Industry » Legal & Finance » Yacht Engaged in Trade (YET) - Compliance Explained

Yacht Engaged in Trade (YET) - Compliance Explained

Mark Robinson BW v2

Yacht Engaged in Trade or YET, the new initiative by the Republic of the Marshall Islands Registry, was the hot topic of the moment when launched at Monaco Yacht Show 2015. The initiative certainly raised some eyebrows while also receiving a significant number of nods.

“ …I can see the benefit to the owner – but it’s a little restrictive” was the most common soundbite that we were hearing.

“…Can’t believe that MLC 2006 convention is not required if the yacht can charter!...” was also mentioned.

Although we do not speak on behalf of the Republic of the Marshall Islands Registry (RMI), Mark Robinson Maritime Consultants (MRMC) are Appointed Representatives to the RMI and as such have a clear understanding of the compliance regimes when looking at the survey requirements for a yacht to enter the YET initiative.

We hope to bring clarity, from a compliance perspective, on some of the questions, confusions and purpose of YET as raised during the show. But please note that in no way are we tax, vat, import and export specialists and do not address any questions pertaining to these areas.

YET - The Basics

The yacht must be 24m or more in Loadline length

The yacht must be in possession of an RMI Private Yacht Certificate of Registry

YET - Maritime Compliance

The (YET) yacht must comply with the applicable chapters of the MI 103 (RMI yacht code – 10/15 edition). For ease of understanding this incorporates ALL the mandated information and instruction to gain commercial compliance irrespective of the yacht being in possession of a Private Yacht Certificate of Registry.

For example, let’s look at a yacht that is 400 gross tonnes and above, but less that 500 gross tonnes.

To break this down, the yacht must be appropriately surveyed and be issued with the following statutory certificates; an International Loadline certificate, an International Sewage Pollution Prevention certificate, an International Oil Pollution Prevention certificate + form A, an International Air Pollution Prevention certificate + supplement, an Engine International Air Pollution Prevention Certificate, an International Anti-Fouling System certificate, an International Cargo Ship Safety Radio Certificate, an International Energy Efficiency certificate and be inspected and found to comply with ALL requirements of MLC, 2006.

Suffice to say, the yacht must comply with all the pertinent requirements contained within MI-103 and all other national and international requirements and be fully commercially compliant at all times, whether ‘engaged in trade’ or not – there is no wiggle room on this.

MSMC, Wreck Convention (300GT), Mini ISM and hours of rest all come into play as well, to name but a few of the additional requirements you would expect for a commercially compliant yacht. Obviously for yachts 500GT and above, ISM and ISPS code compliance is mandatory.

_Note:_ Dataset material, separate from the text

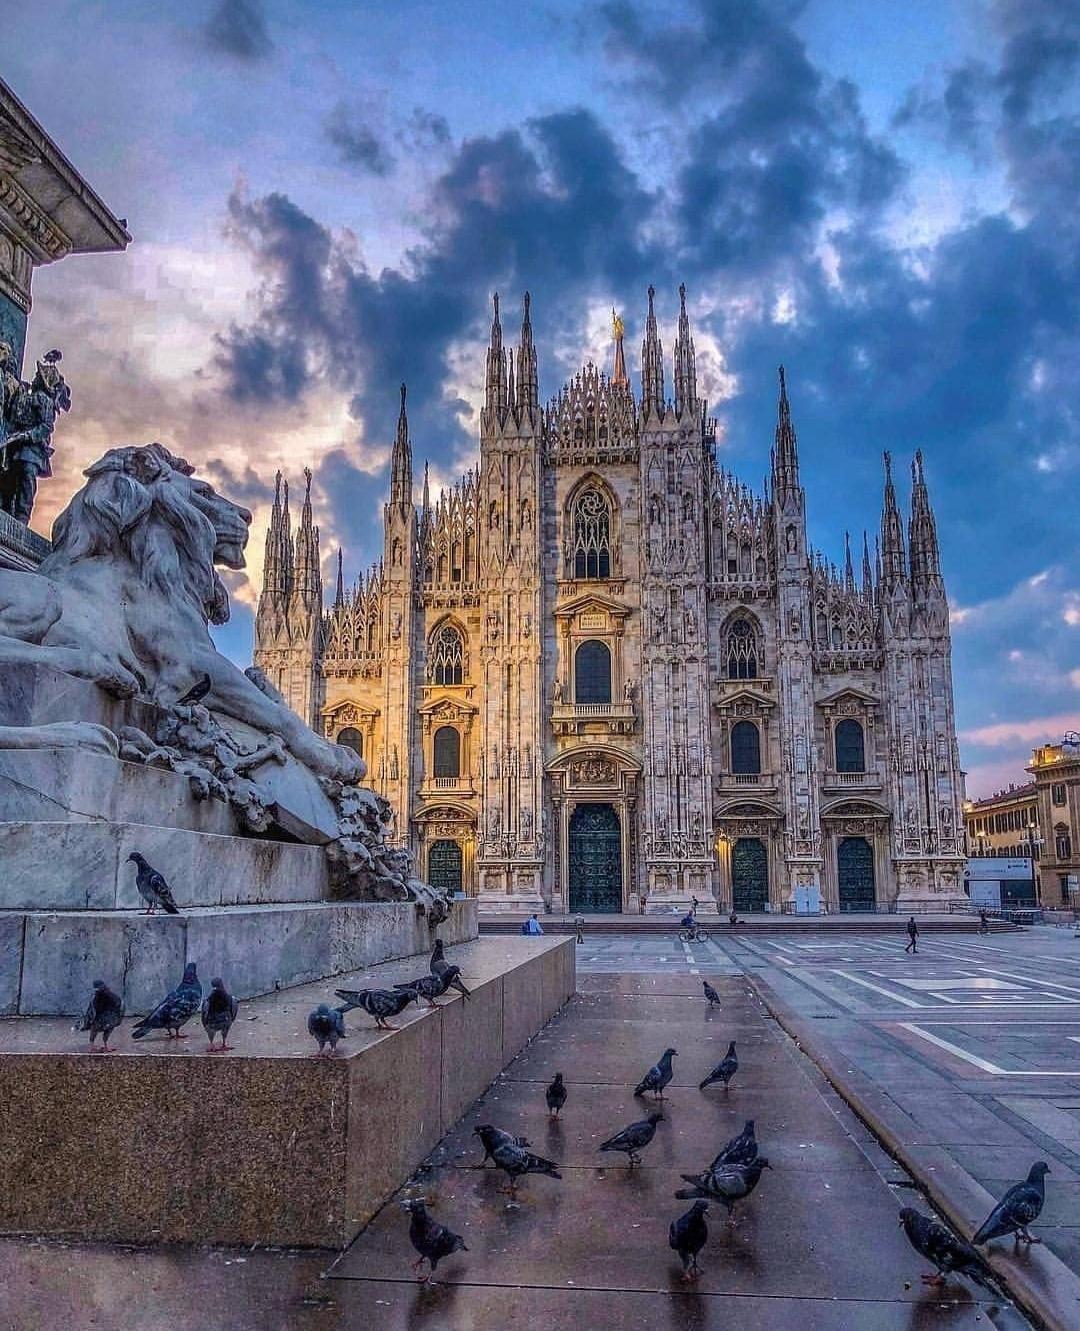 Milano Italy Very Beautiful City Pics Italy Travel Photography Northern Italy Travel Italy Travel

YET - Maritime Compliance continued

The yacht cannot carry more than 12 passengers whilst ‘engaged in trade’

Private yachts carrying a Yacht Engaged in Trade Compliance Certificate (YETCC) and operating under a temporary Certificate of Registry - Yacht Engaged in Trade (COR YET) - national certificates issued by the Administrator - can be considered by EU PSC authorities (within the Paris MOU) as a commercial yacht for the purposes of compliance and ultimate inspection.

YET - The Benefit

Whilst at the moment, the waters in which a YET can be enabled as ‘Engaged in Trade” is limited to French and Monegasque, it does mean that the UBO does not have to raise a charter party agreement to use his/her own yacht (as if it were commercially operated). However, it must be noted that whilst the yacht is in this commercial ‘bubble’ for whatever length of time the COR YET is in place (limited to a total of 84 days per year – and not consecutively), the UBO cannot use their yacht.

Complete fiscal transparency – ‘Flip/Flop’ is not part of this initiative and importing/exporting the yacht to meet these sometimes complex requirements is a thing of the past.

Clearly, the YET initiative is not for everybody, nor should it be.

What it does do, is offer an alternative to the norm, freeing the owner to enjoy their asset as intended, free of the bureaucratic red tape that can easily dissuade the most earnest of yacht owners from trying to recoup some of the running costs associated with the joy of boating.

The Republic of the Marshall Islands has just released Marine Guidelines notice MG-1-11-2 detailing the exact YET requirements and ‘The RMI Yacht Code’ MI-103 has been released to reflect this new YET initiative.